I have been waiting for everyone to cut production, but cannot see anything on the horizon, surely there is an agenda here or why would they keep losing money?


----------



## merlinnn (17 January 2015)

http://www.businessweek.com/magazine/content/10_31/b4189050970461.htm#p1

How relevant is this today? I notice OOO doesn't have an exact correlation to oil itself? Can anyone advise on this

Thanks


----------



## hhse (17 January 2015)

merlinnn said:


> http://www.businessweek.com/magazine/content/10_31/b4189050970461.htm#p1
> 
> How relevant is this today? I notice OOO doesn't have an exact correlation to oil itself? Can anyone advise on this
> 
> Thanks




It is relevant for all ETFs that use futures to track an index/commodity. USO as per their example currently has a correlation to oil of over 90%. Reason it is not perfect is partly because of the drag associated with re-balancing their portfolio. From my understanding, ETFs have a target DTE on futures contracts that they target. To achieve this they will sell front month futures & buy back month futures to achieve/maintain this (takes time & is not immediate).

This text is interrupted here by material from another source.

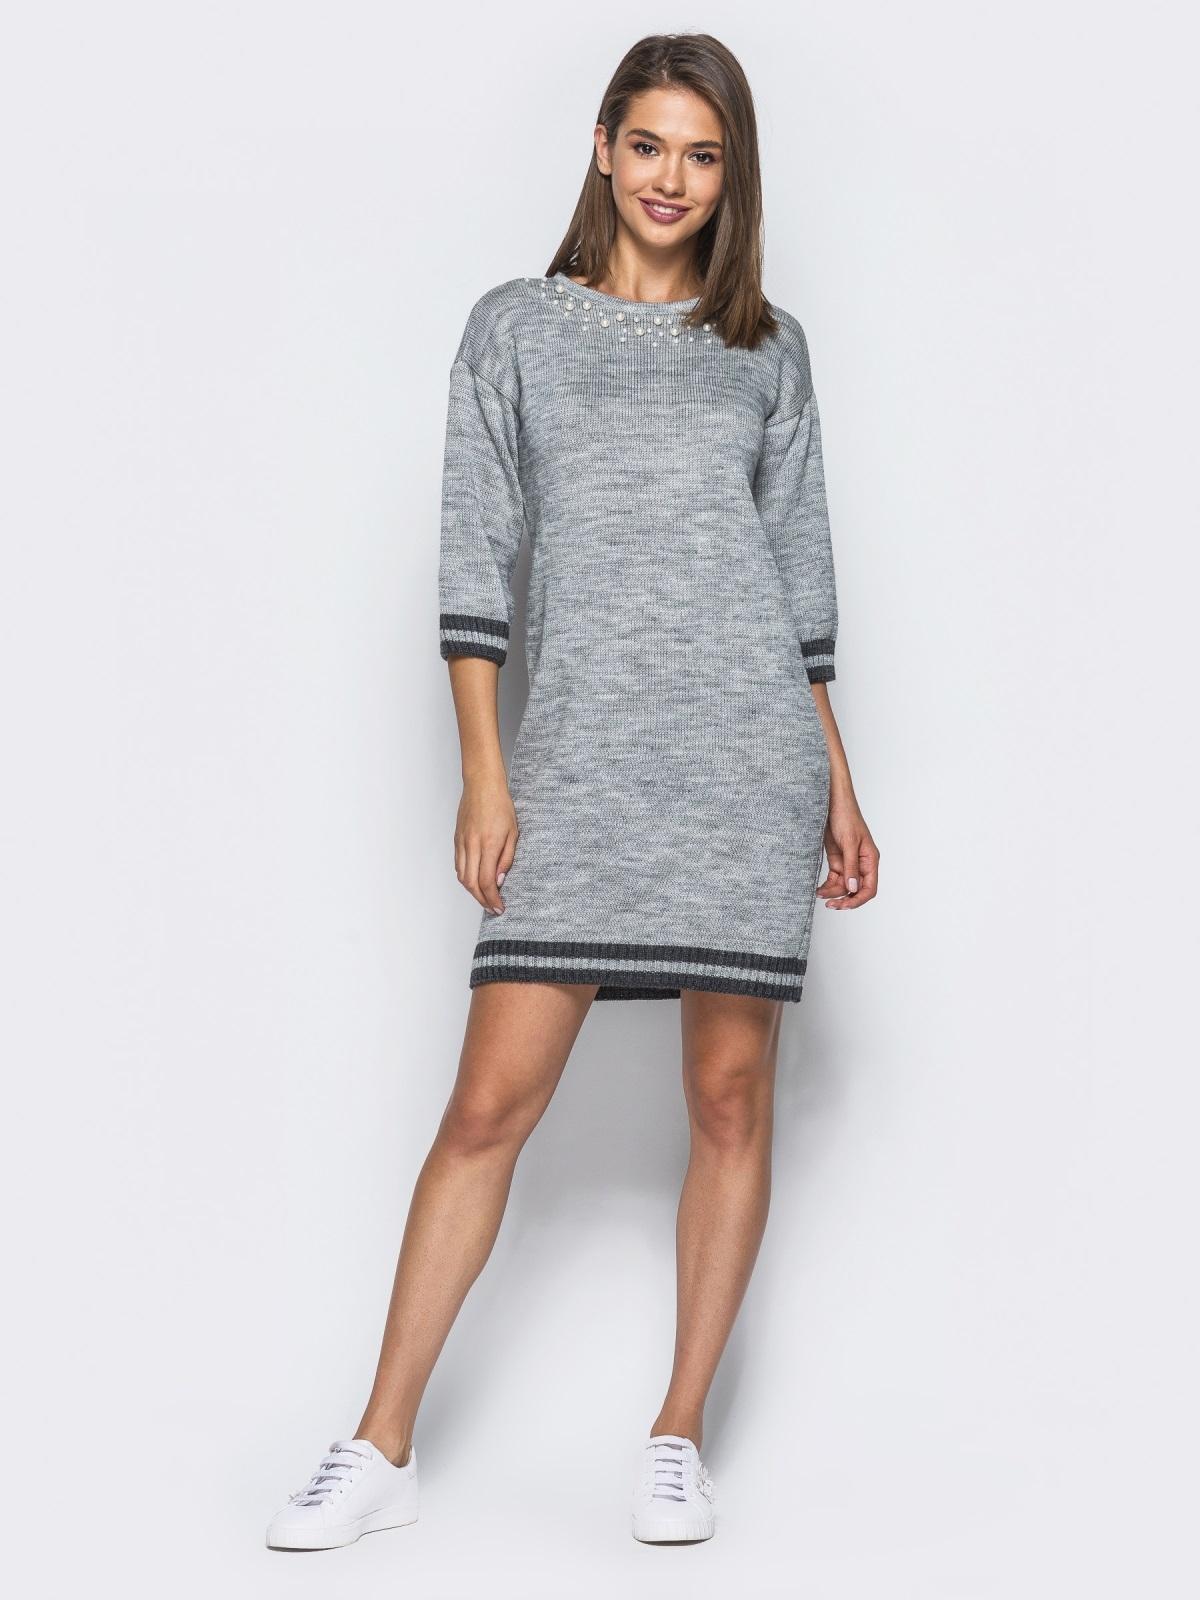 Серое вязаное платье с жемчугом и контрастными полосами - 15937, фото 1 – интернет-магазин Dressa

Also, ETFs that use futures will always face the issue of contango and have to sell cheap front month futures and buy more expense back month ones. All I have learnt is to not buy and hold ETFs long term due to this - short to medium term should be okay. What I would like to understand is how do these ETFs stay alive if they are what they appear to me as - eroding assets? Because some ETFs face constant contango and little backwardation. i.e VXX. Do they get some sort of fee/commission from exchanges etc that outweigh this loss?


----------



## hhse (17 January 2015)

hhse said:


> ..All I have learnt is to not buy and hold ETFs long term due to this




Just to clarify, I'm referring to those ETF's that use Futures to mimic underlying, not those ETFs that hold actual underlyings.


----------



## merlinnn (18 January 2015)

So how does one find non synthetic ETF's to invest in commodities?


----------



## John Swift (19 January 2015)

Hmmmm. Many oil producers partially or fully hedge their production for 6 to 18 months - this may be why they are slow in cutting production... and why fuel prices are taking their sweet time to get sub $1.

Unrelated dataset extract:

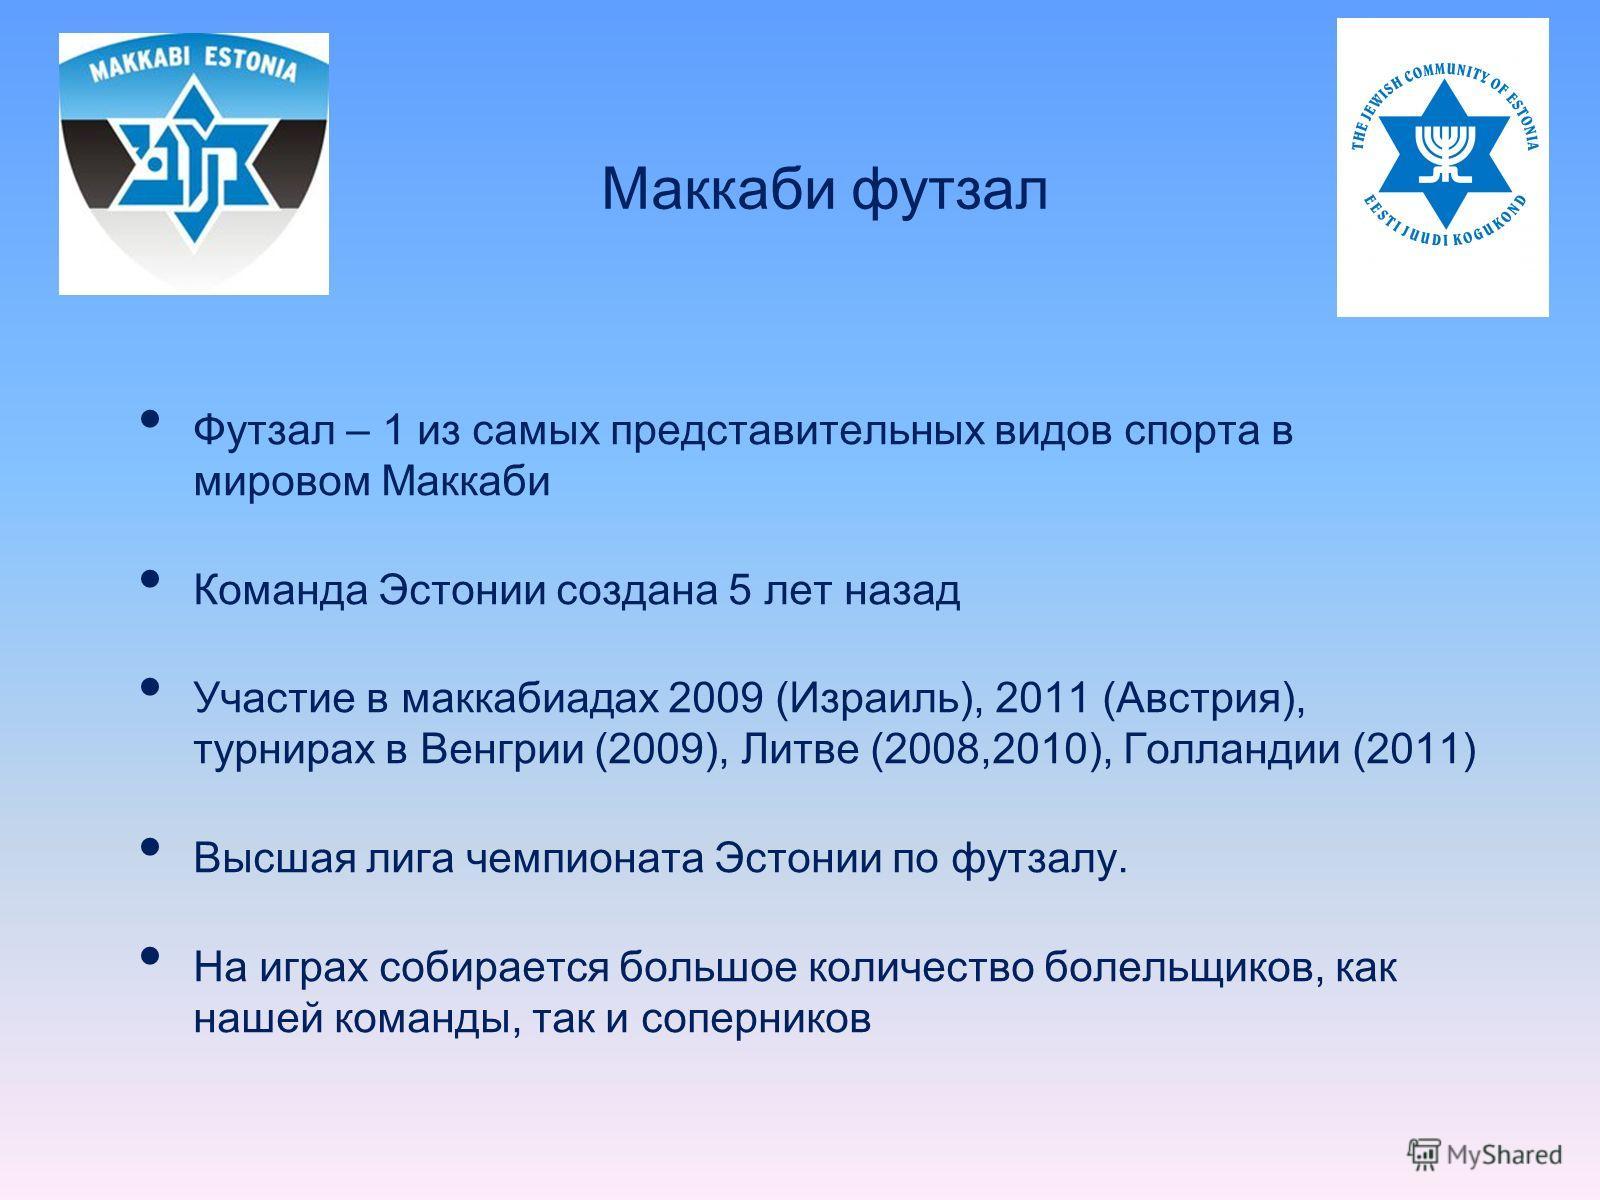 Футзал – 1 из самых представительных видов спорта в мировом Маккаби Команда Эстонии создана 5 лет назад Участие в маккабиадах 2009 (Израиль), 2011 (Австрия), турнирах в Венгрии (2009), Литве (2008,2010), Голландии (2011) Высшая лига чемпионата Эстони

But this is an opportunity in that if the oil price remains low for the next, say, 12 months, then some of these oil producers will start to be in some financial strife. You may possibly want to do some research into which of the larger players have the balance sheet to gobble up some good distress sale assets.

I'm thinking... the big oil companies that seemingly missed the boat on shale oil may want another bite of the cherry if oil prices can remain low for another 6 months to a year. Then if/when oil reverts to the mean, those valuations will start coming back quickly.


----------



## christianrenel (17 February 2015)

If you are looking at gaining exposure to oil price with an ETF the following ETF maybe able to help

OOO- Betashares Crude Oil (Future Contacts)
MVR - Market Vectors Resources - (Is not index weighted therefore does not hold a large postions in BHP and RIO, but rather mixture of ressources companies).

Kind Regards 


christianrenel


----------